3465 W. 6th St., Koretown
This lively, dive-y K-town bar is a popular spot when you’re waiting for a table at a nearby restaurant, like Quarters or Kang Ho Dong Baekjeong. But it’s also a worthy destination in itself for its soju-based cocktails (we’re partial to the mango and lychee flavors), the fun hip-hop playlist, and bar snacks like kimchi pancakes, bulgogi cabbage wraps, and scallop skewers. Sports fans can watch Lakers and Dodgers games on the big-screen TVs.
4070 W. 3rd St., Koreatown
Since 1986, Soopsok has been the place to belt out Top 40 hits, classic rock ballads, and current K-pop favorites in one of its twenty karaoke rooms (some of which can accommodate up to thirty people). Order a couple bottles of soju (Korea’s national drink) and some plates of spicy chicken wings and nachos, and it’ll be impossible to not have a fun night.
3002 W. 7th St., Koreatown
Crispy, spicy, and slathered in gojuchang (a red chili paste), the fried chicken wings at this dive-y pub are considered the real deal among the Korean fried chicken experts in the city. Its name comes from the Korean beer brand OB, and naturally, an ice-cold pint is the typical pairing with an order.
The Normandie Club
3612 W. 6th St., Koreatown
If you're looking for a bar to impress visiting friends, you have now found it. The space is as classy and refined as it is cool—dark leather chairs, painted brick, and low lighting. The drinks are, in a word: impressive. The mixologists at the Normandie Club have invented house specialties that all put a unique spin on a classic: a daiquiri with a salted-grapefruit cordial, an old-fashioned with coconut bourbon. Our favorite is the shandy: a crisp lager elevated with Suze, blueberry mint syrup, and a squeeze of lemon. The drink is crisp, refreshing, and sweet without being cloying. There's also a generous selection of global liquors, including brandy, Irish whiskey, Japanese whisky, mezcal, tequila, and cider on tap. Given there's no food, this is a perfect spot for a nightcap after dinner.

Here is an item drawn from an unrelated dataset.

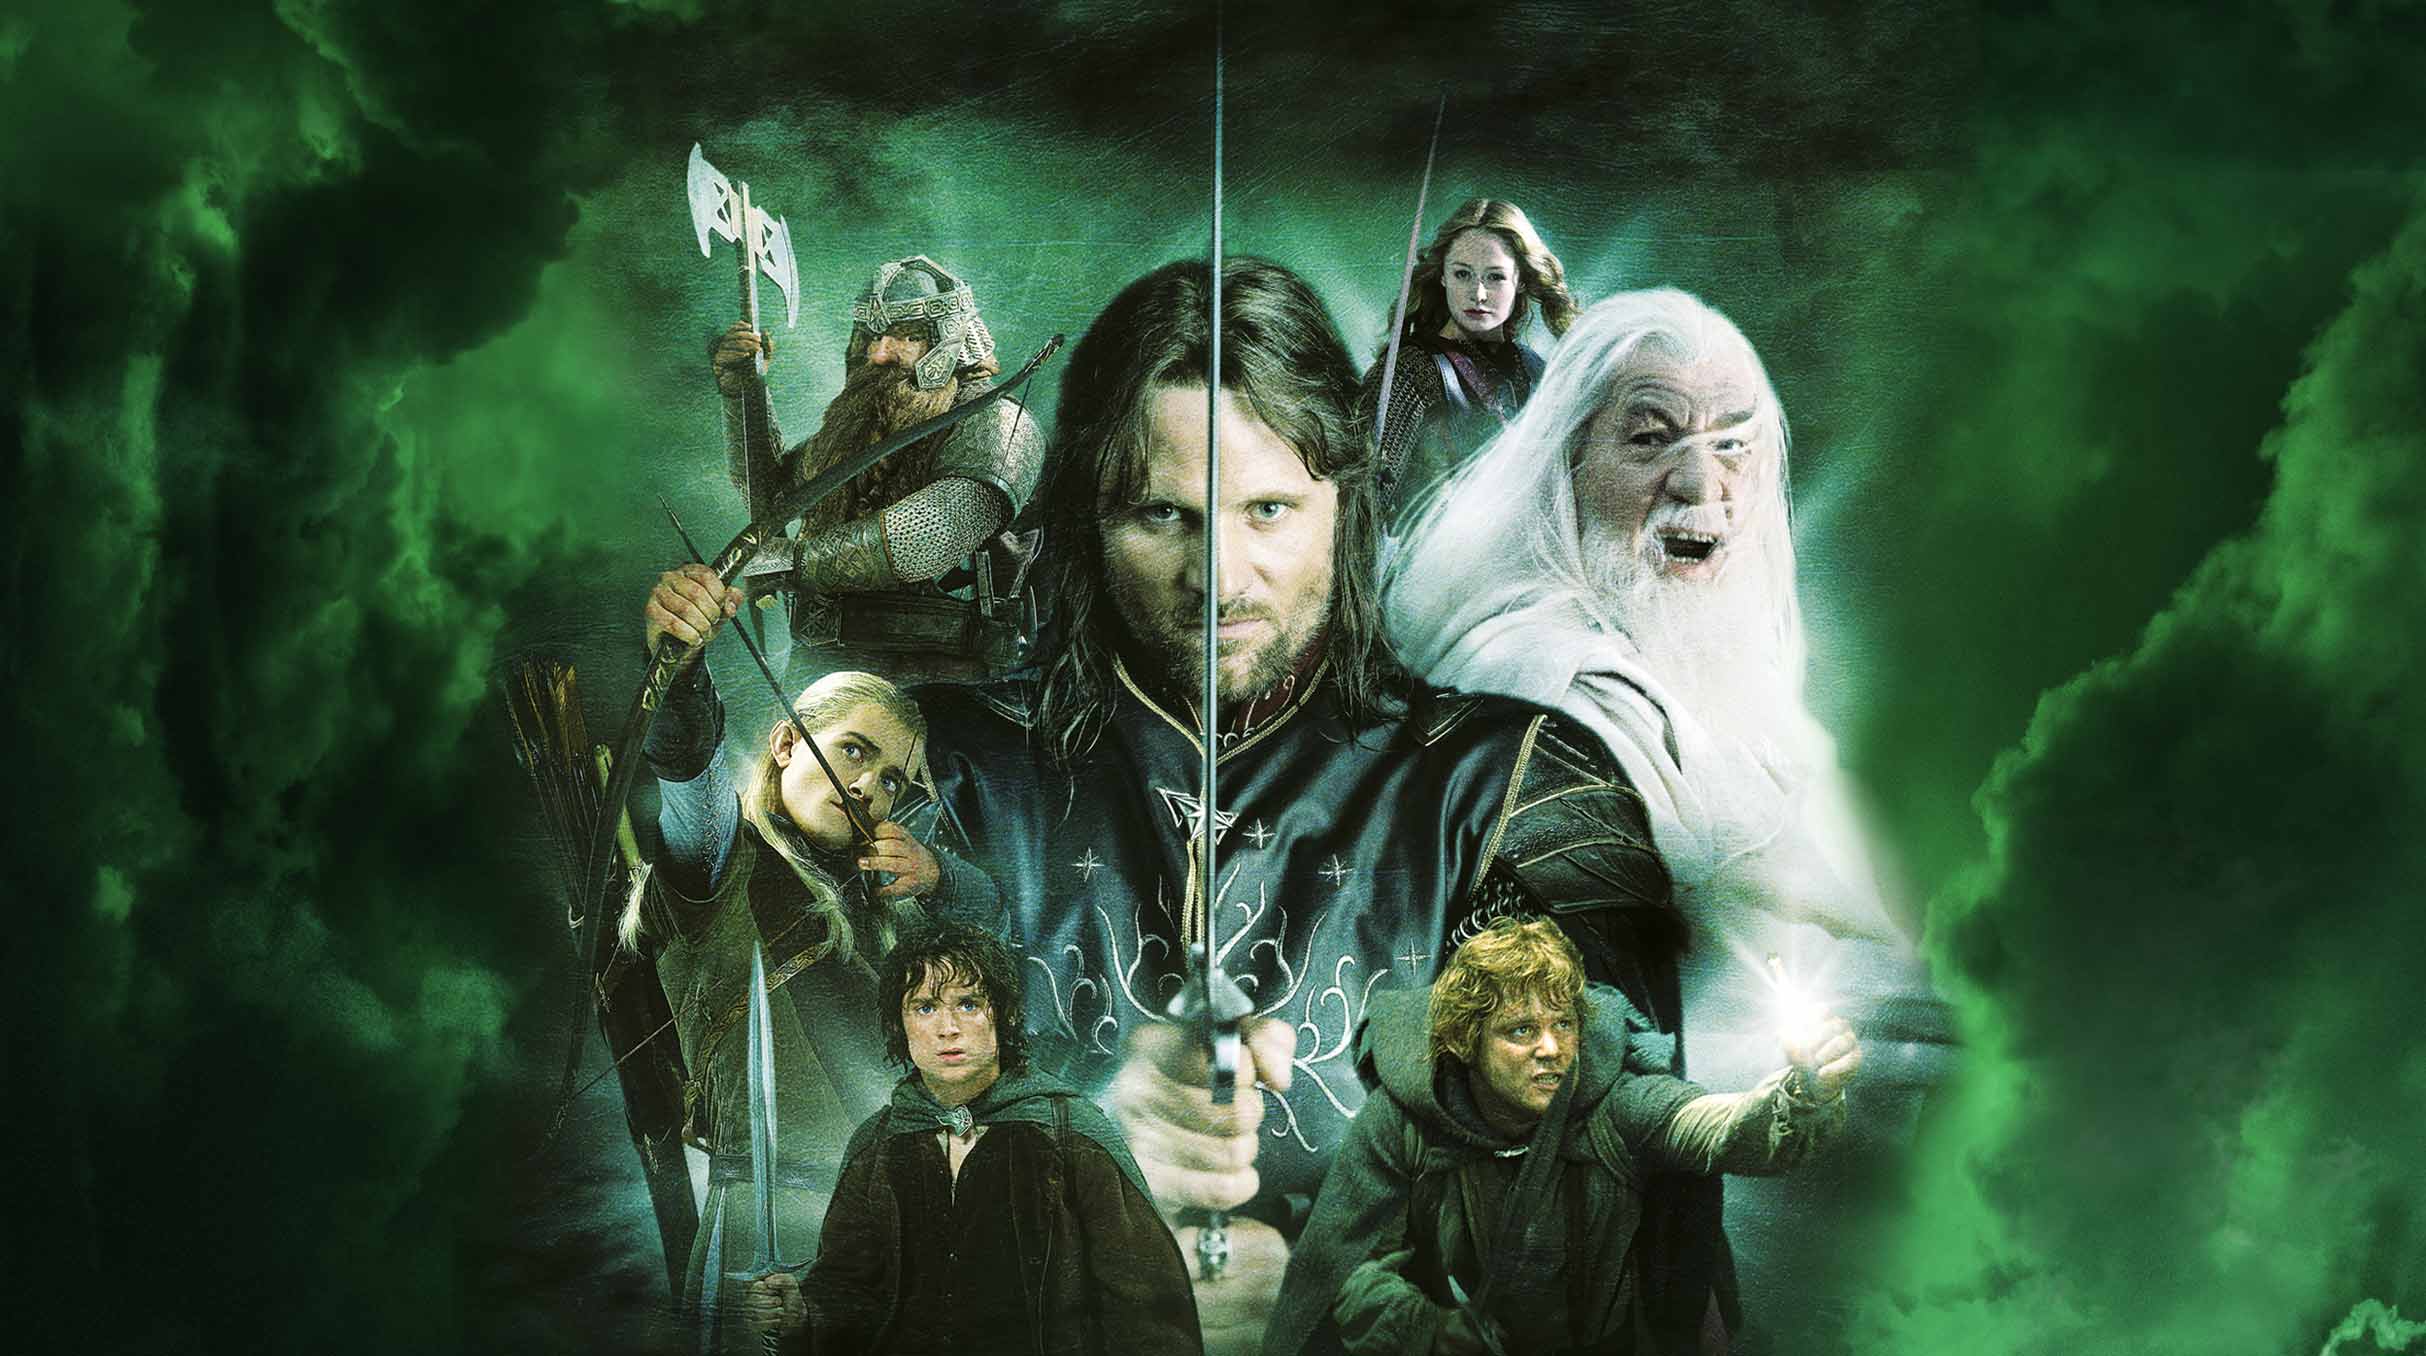 Lord of the Rings: The Return of the King- Praha -O2 universum Praha 9 Českomoravská 2345/17, Praha 9 19000

3357 Wilshire Blvd., Koreatown
Everything about this place speaks of comfort: the friendly, loyal servers; the kitschy, nautical vibe; the jazz jukebox in the corner; and the complete lack of pretense. The Bounty is a classic, dark, dive-y LA landmark that's endured despite K-town’s hipster invasion—and the prices have stayed relatively low. We don't come here for the food (although the fish and chips is solid); we come for the generous, consistent drinks. There's comfort in knowing that it's always the same every time we come. But you know what else is consistent? How far away the bathrooms are (which is: in the adjacent historic hotel, past the lobby desk, down the dark basement stairs, and next to the laundry room).
3932 Sunset Blvd, Los Angeles
There are many reasons to live on the East Side, and easy access to Bar Stella is at the top that list. This is (arguably) the best bar in the city. Sitting outside on a slow summer afternoon, sheltered by a canopy of bougainvillea, an Aperol Spritz (easy on the Aperol, heavy on the Spritz) on the table, is quickly becoming a quintessential LA activity. Inside, the scent of just-peeled citrus hits you hard, the white-jacketed mixologists are pros, almost-nonexistent lighting sets a seductive tone, and the walls are painted a pretty, mottled blush. Lounge on the low leather sofas drinking cocktails all afternoon. When evening hits, the volume turns up and the lights go even further down. The terrace outside—all wicker furniture and terra-cotta cushions—is straight off the French Riviera.